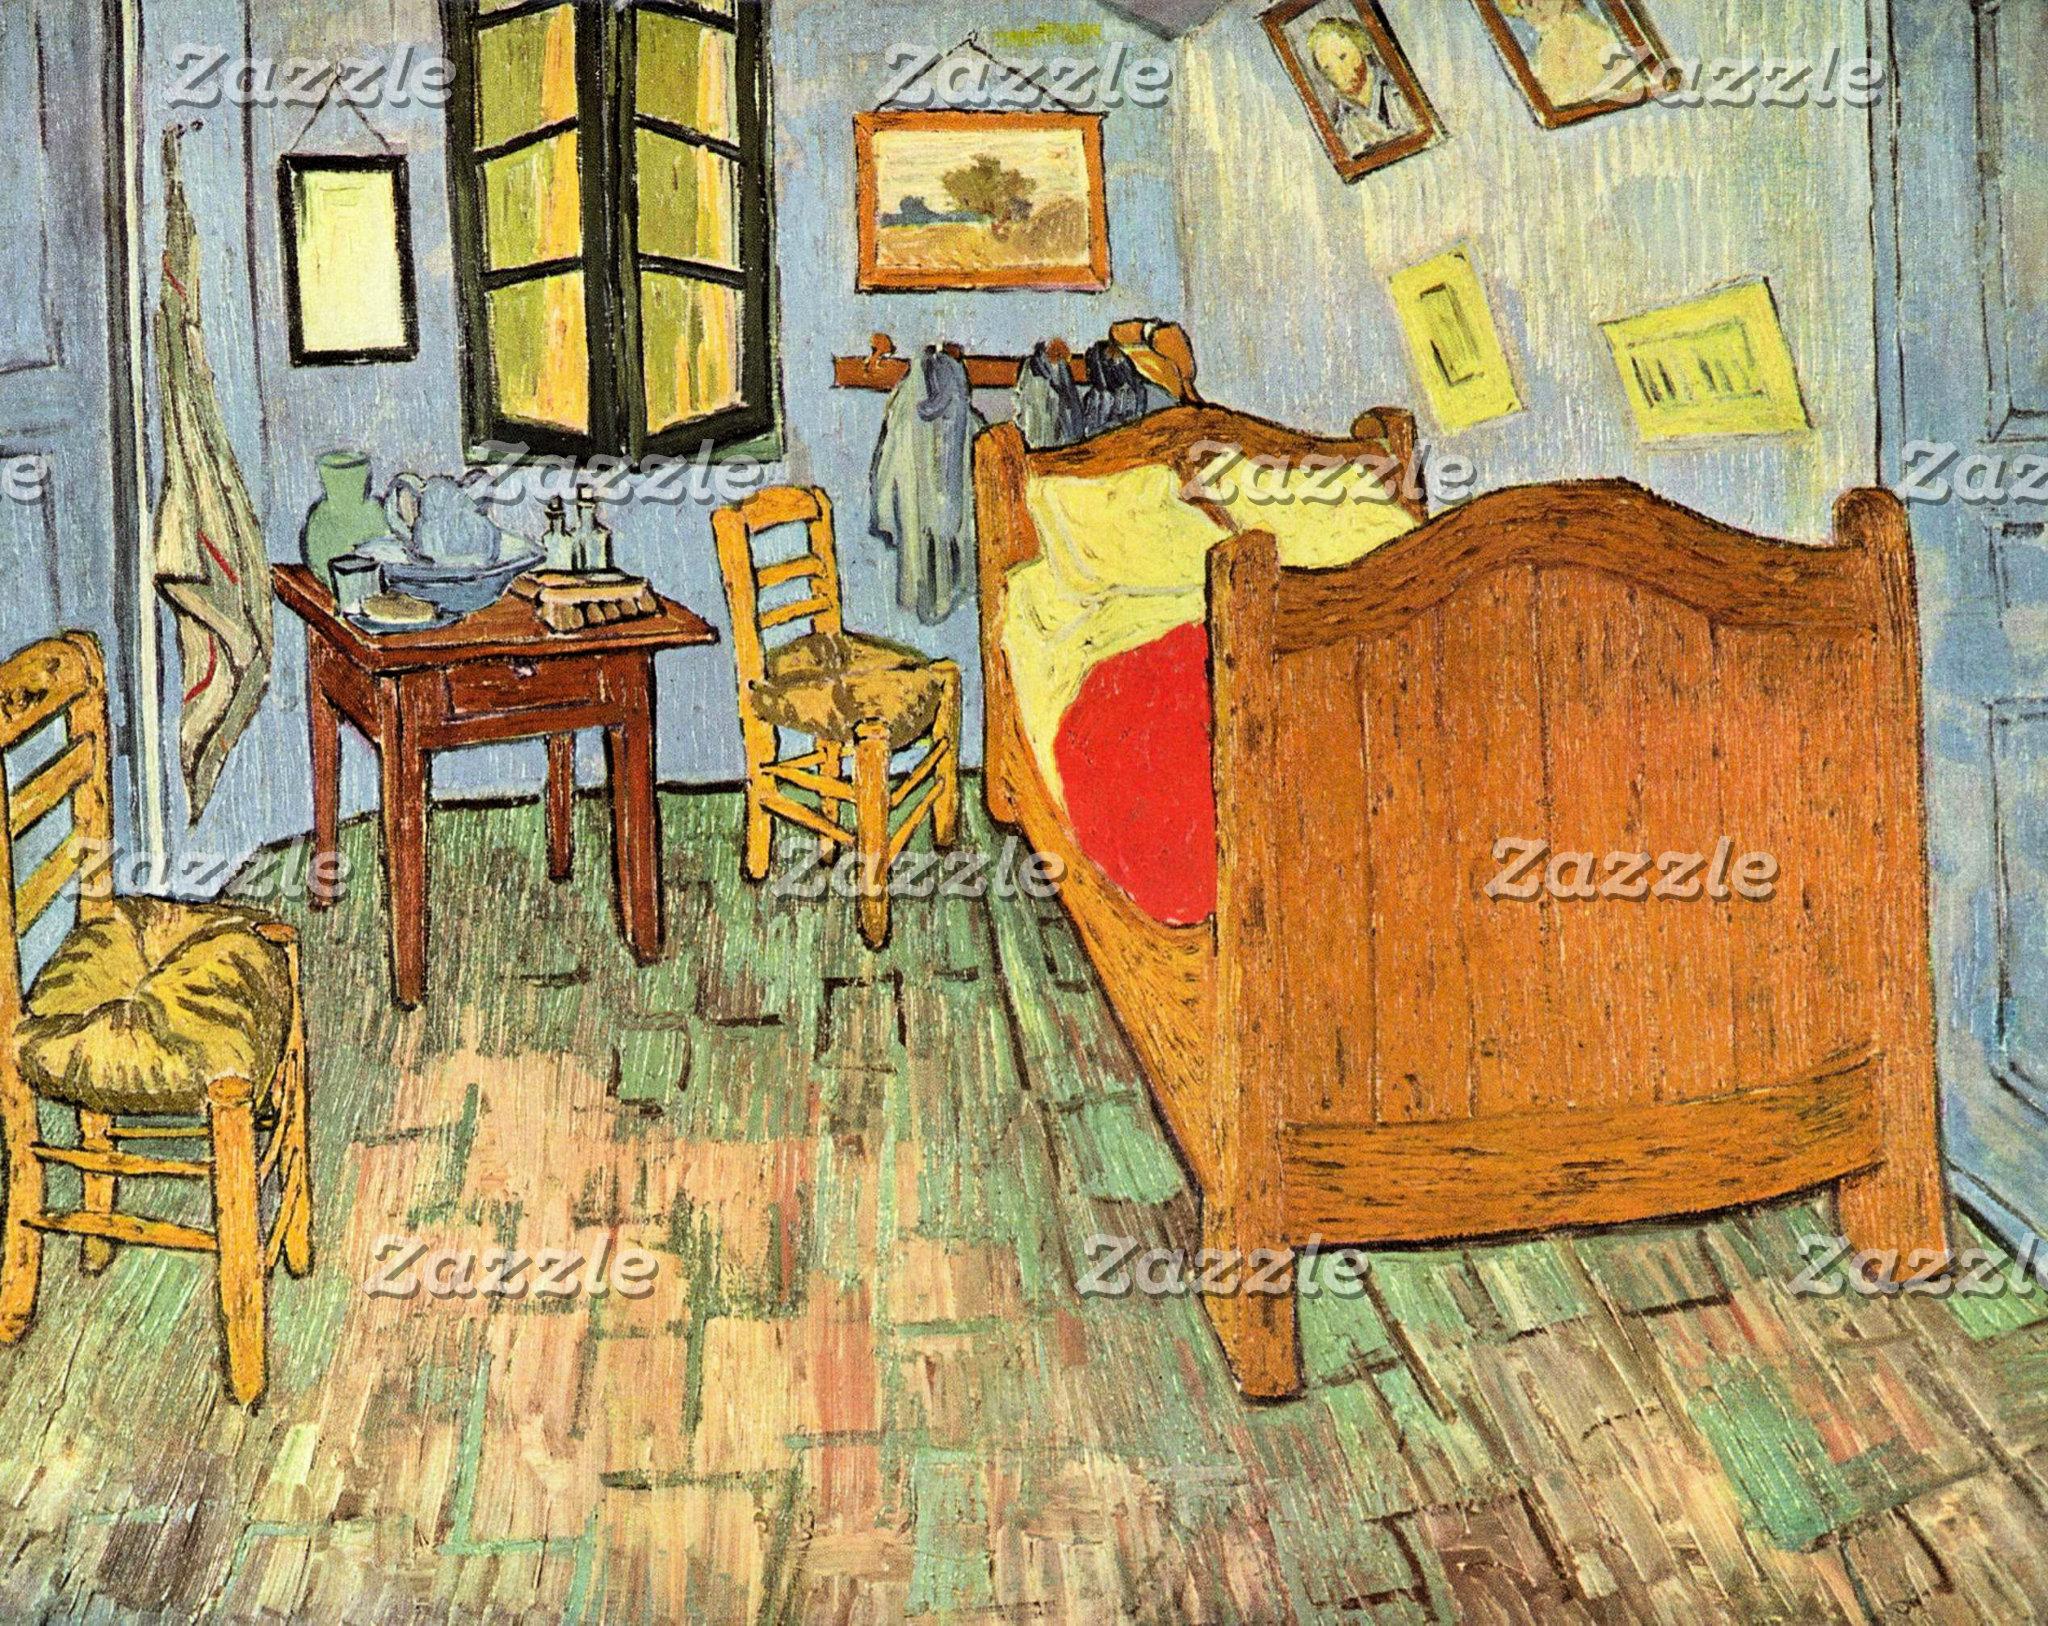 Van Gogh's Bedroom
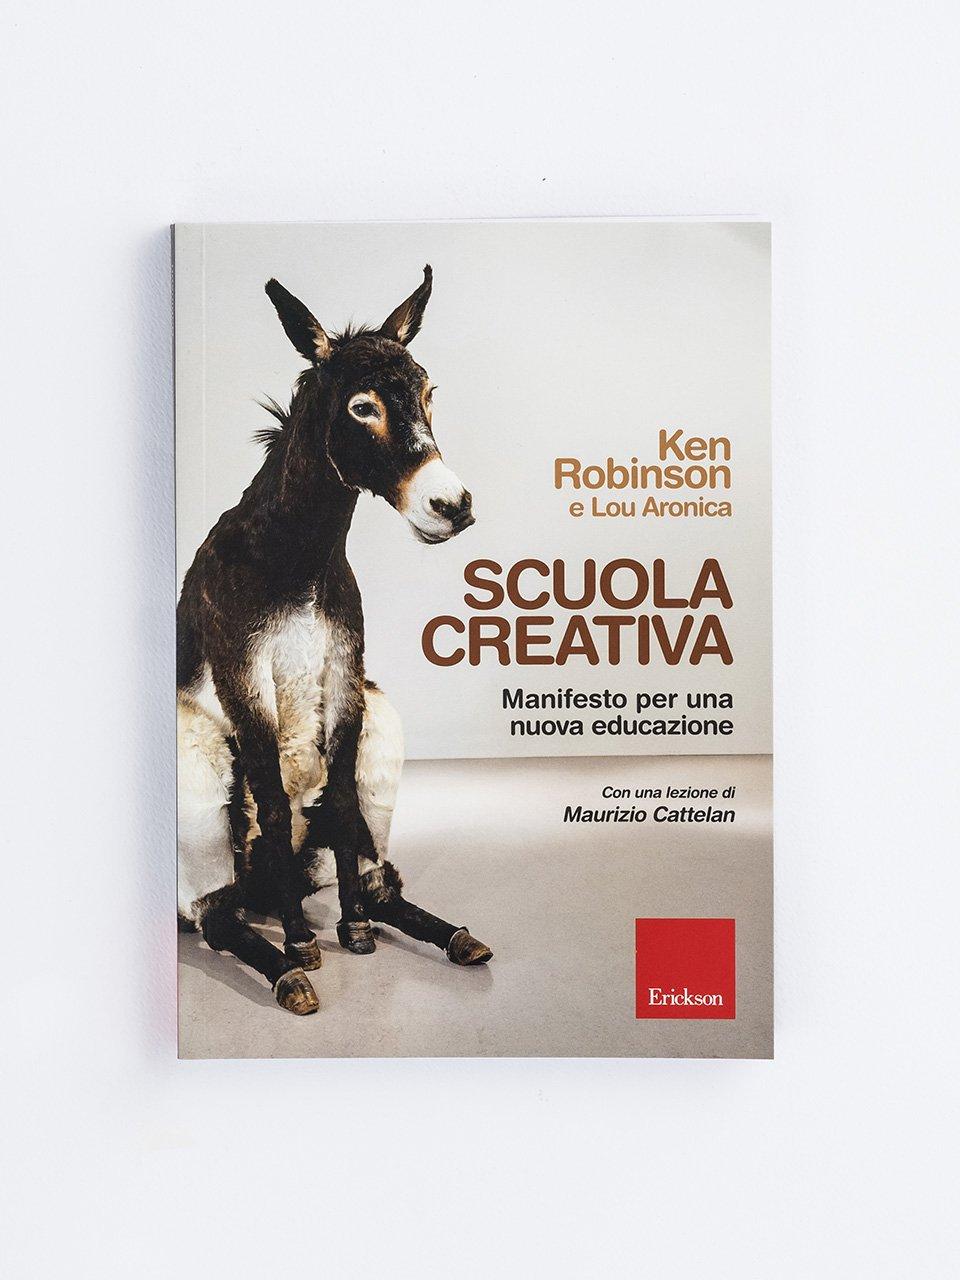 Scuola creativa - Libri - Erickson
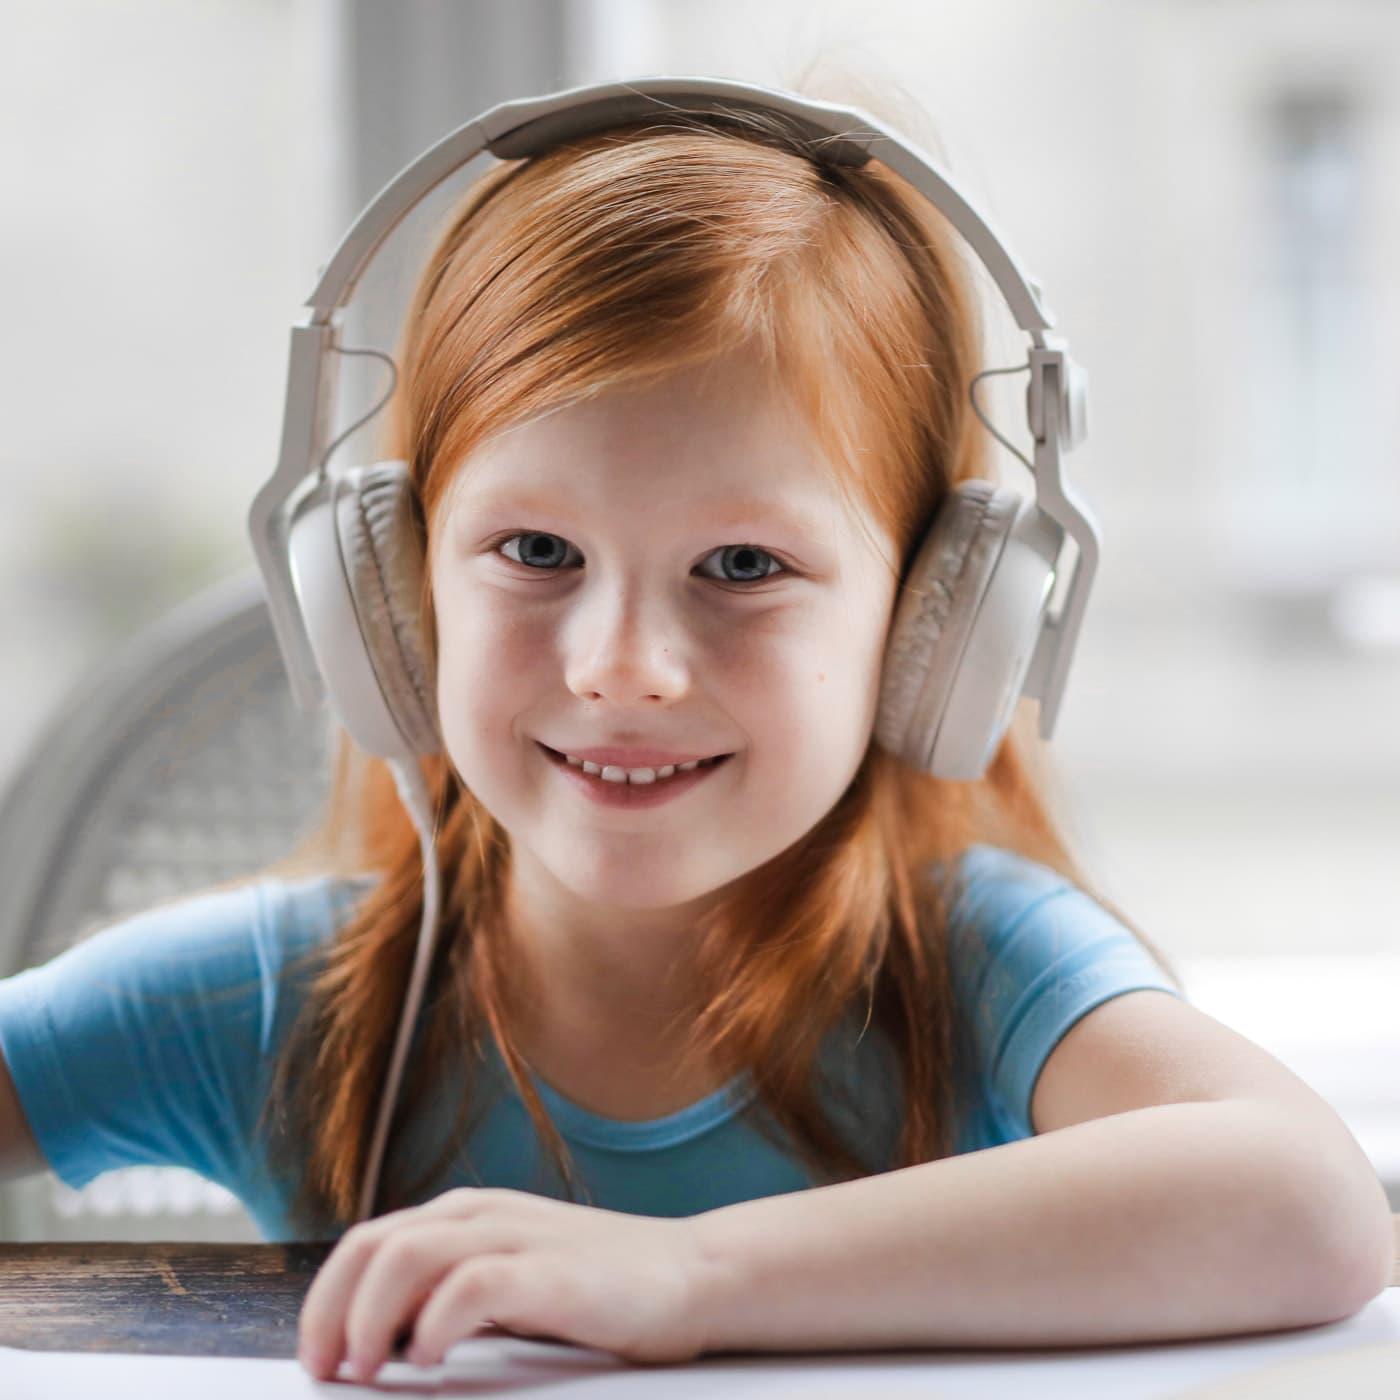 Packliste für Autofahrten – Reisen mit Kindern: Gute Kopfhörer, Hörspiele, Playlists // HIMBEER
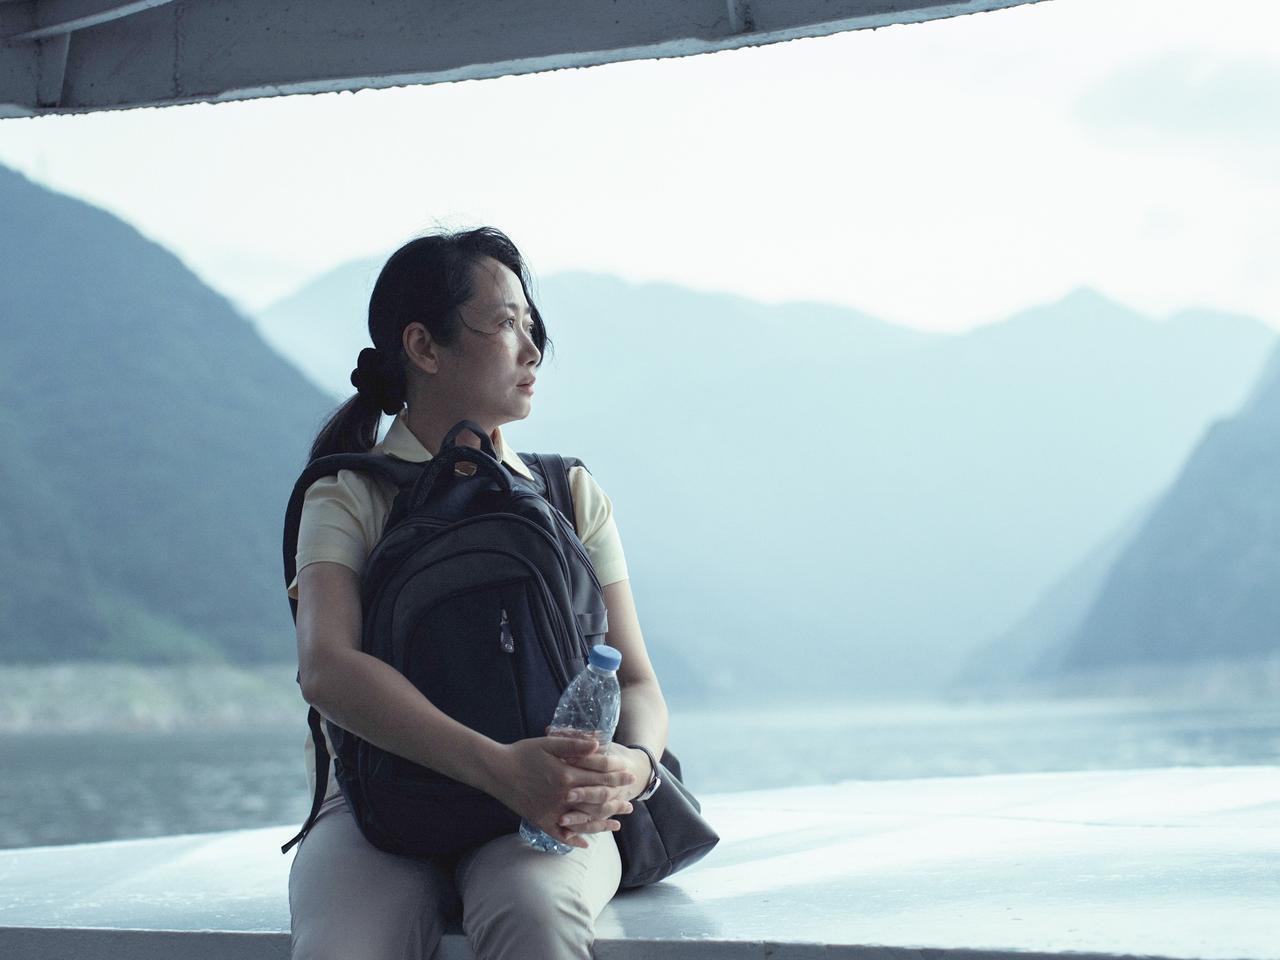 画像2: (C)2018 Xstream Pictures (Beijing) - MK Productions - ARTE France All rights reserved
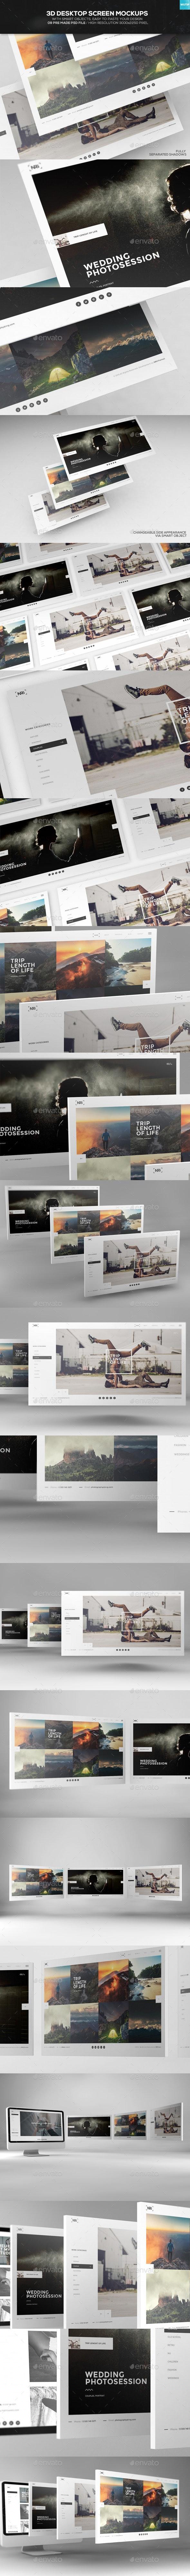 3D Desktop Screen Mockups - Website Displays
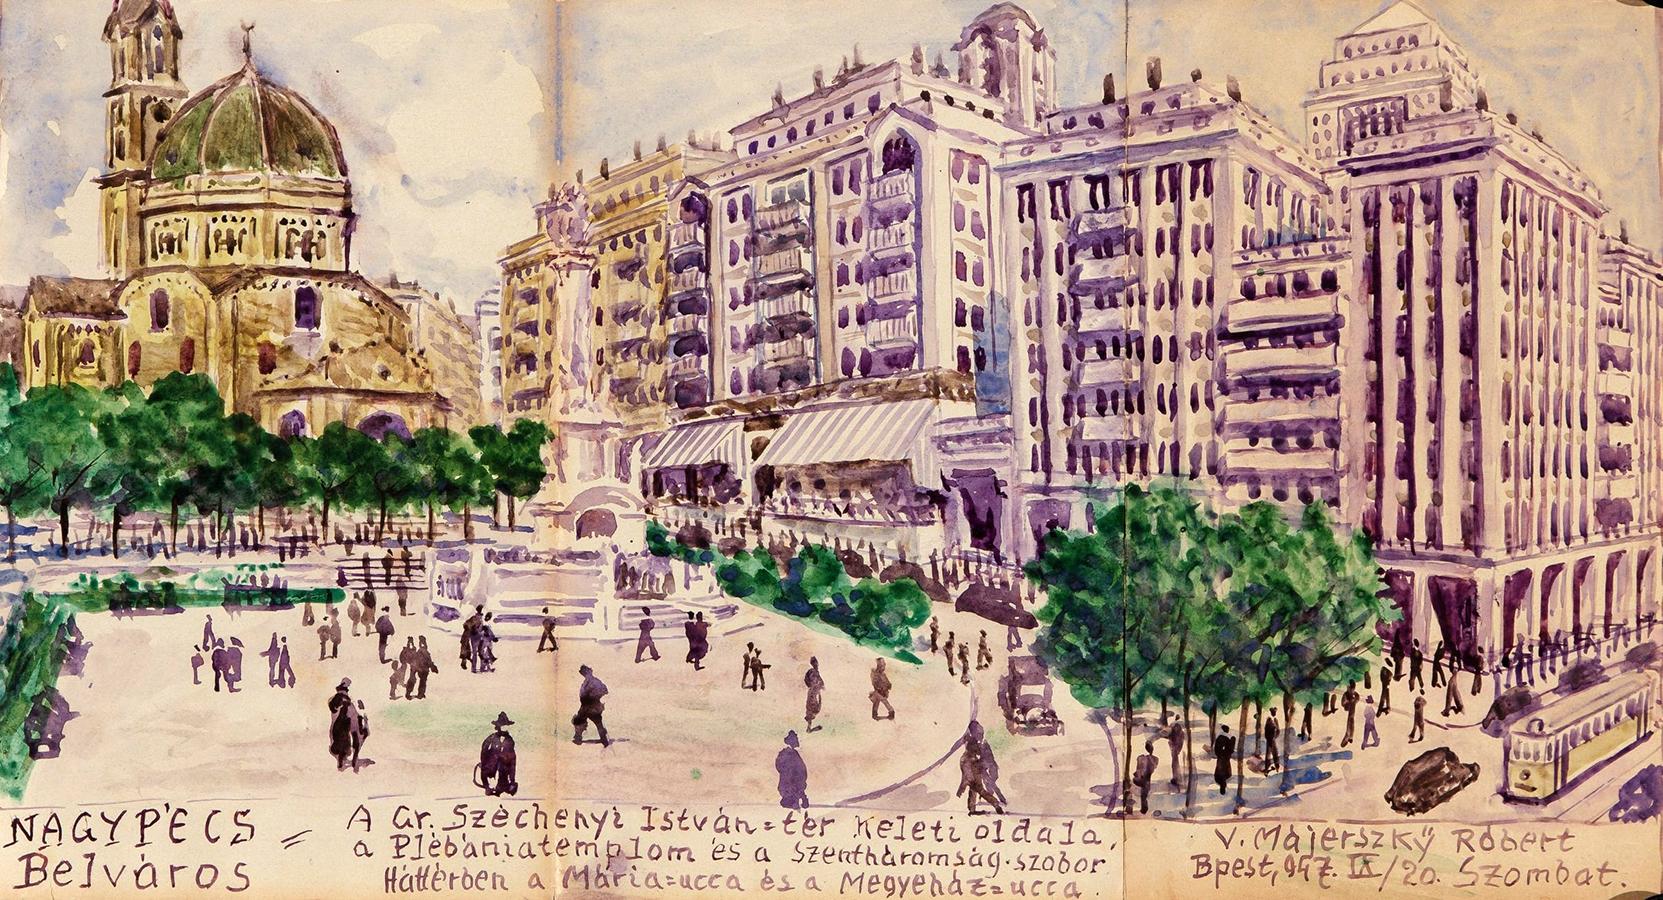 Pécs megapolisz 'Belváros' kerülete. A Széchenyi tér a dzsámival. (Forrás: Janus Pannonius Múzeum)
◇ ◇ ◇ ◇
ABOUT THIS TASK >>
Copy out exactly, without any pictures, the lines above that begin at the one with "3D Desktop Screen Mockups - Website Displays" and end at the last line of the listing.

RESPONSE AREA >>
 3D Desktop Screen Mockups - Website Displays
 Pécs megapolisz 'Belváros' kerülete. A Széchenyi tér a dzsámival. (Forrás: Janus Pannonius Múzeum)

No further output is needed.